Je dois l'avouer, c'est ambitieux. Pourquoi est-ce ambitieux ? Parce que dans le Canada actuel, que le fédéral et les provinces acceptent d'écouter le Québec et ses revendications serait déjà un tour de force, mais de les convaincre d'accepter toutes ces modalités (je n'en ai nommé qu'une partie soit dit en passant) relève de la pure folie. Philippe Couillard, le plus soumis et radical des fédéralistes à avoir dirigé le Québec, l'a appris à la dure lorsqu'il a voulu parler de constitution. Justin Trudeau a dit non, tout simplement. Le même destin guette François Legault s'il continue dans la voie du fédéralisme avant tout, même avant les intérêts supérieurs du Québec.

Voyez-vous, quand on arrive à une négociation avec le fédéral et les provinces anglophones sans plan au cas où les discussions ne seraient pas fructueuses, on se fait immanquablement avoir. Le fédéral et ses provinces ignorent simplement le Québec et signent quelque chose qui leur plaît entre eux, comme en 1992 avec l'Accord de Charlottetown, où le fédéraliste inconditionnel Robert Bourassa s'est fait rouler, car personne ne le croyait capable de répliquer s'il n'avait pas ce qu'il voulait. Pourquoi est-ce que ce serait différent en 2017, maintenant que plus personne n'écoute le Québec au point de le balayer du revers de la main avant même qu'aient lieu des négociations ?

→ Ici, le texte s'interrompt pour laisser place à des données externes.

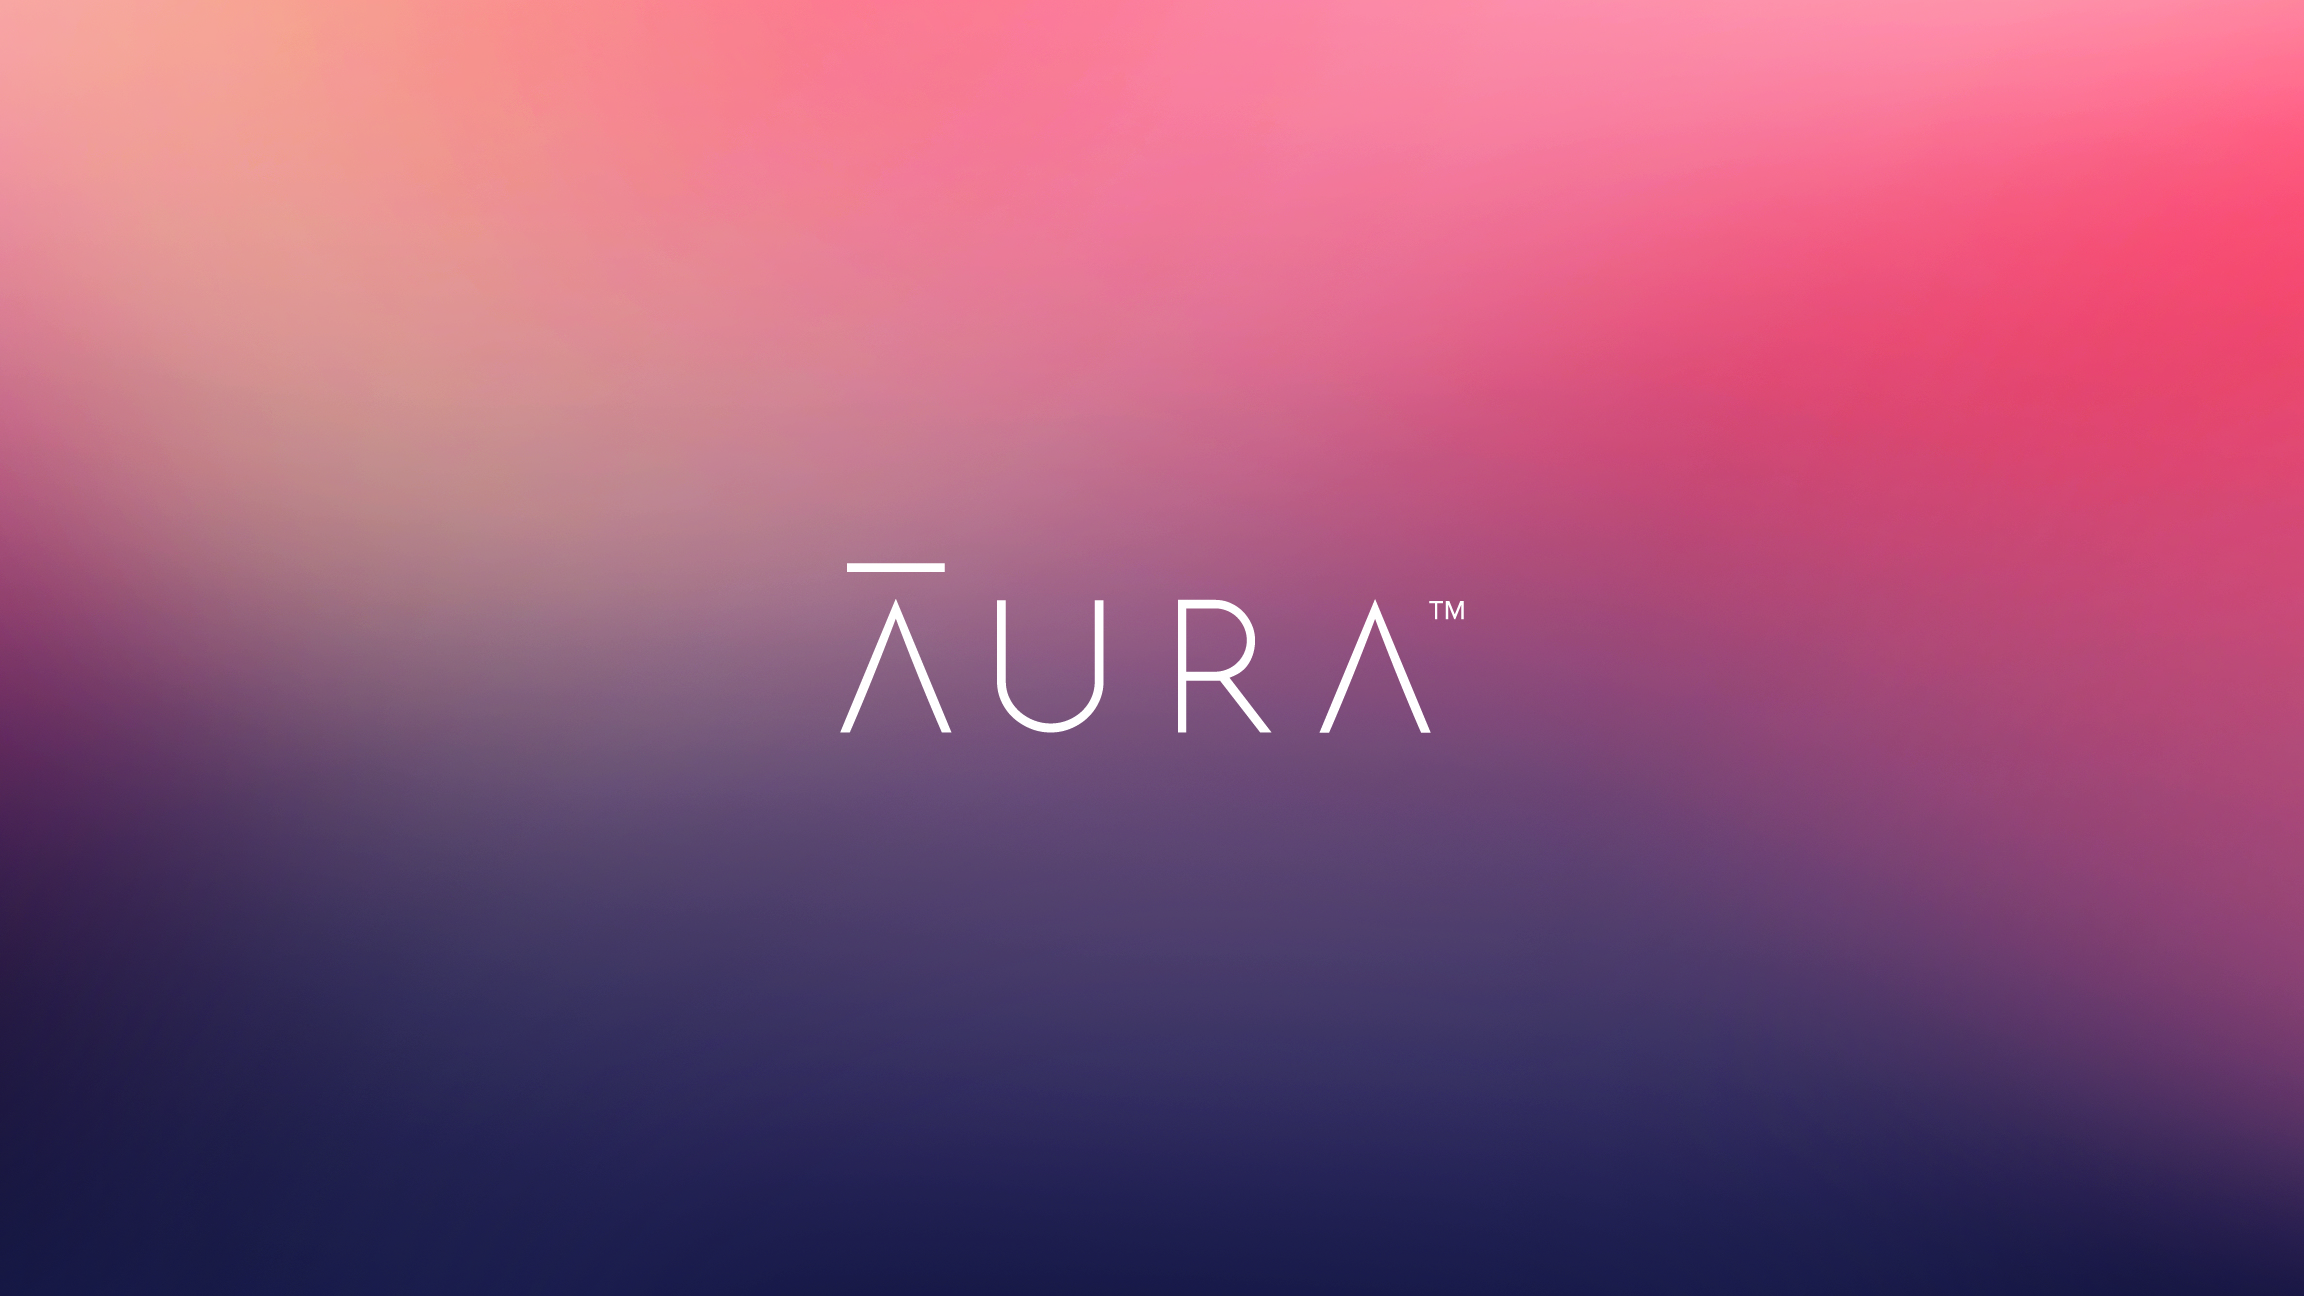 190816_Aura3

Justement, dans l'introduction du document constitutionnel caquiste, on parle du « Québec d'abord » et de la philosophie de Daniel Johnson père, qui voulait totalement rebâtir le Canada de manière beaucoup plus ambitieuse que la CAQ soit dit en passant. Cette comparaison est défendable, car les deux partagent un idéal d'un fédéralisme décentralisé, diamétralement opposé à ce qui se fait actuellement au Canada. Par contre, ce que François Legault et ses troupes oublient, c'est ce deuxième slogan de Daniel Johnson : « Égalité ou indépendance ». Johnson voulait totalement réécrire la Constitution canadienne pour qu'elle devienne un vrai « pacte entre deux peuples » et non un document colonial propriété de Londres. Le chef de l'Union Nationale savait que son projet était ambitieux, voire irréalisable, alors il s'était créé un rapport de force avec le gouvernement fédéral en affirmant que si ses revendications étaient ignorées, alors le Québec se porterait mieux hors du Canada et qu'il serait tout disposé à faire la souveraineté.

Si Daniel Johnson père avait vécu assez longtemps (il est mort en 1968, deux ans après son élection comme premier ministre du Québec.), il aurait assurément fait bouger les choses, car le fédéral ne peut pas rester indifférent lorsqu'on menace la sacro-sainte unité canadienne. Par contre, lorsque c'est un premier ministre totalement soumis à l'autorité fédérale qui parle, le Canada n'hésite jamais à le mettre en sourdine. C'est dans ce piège que vient de tomber François Legault : s'il aspirait réellement à accomplir ce que revendique son « nouveau » programme nationaliste, il s'est incroyablement nui en scandant haut et fort son amour nouveau de la fédération canadienne. Dorénavant, François Legault n'est aux yeux du Canada rien de plus qu'un libéral bleu poudre, qu'on peut ignorer à loisir sans répercussions.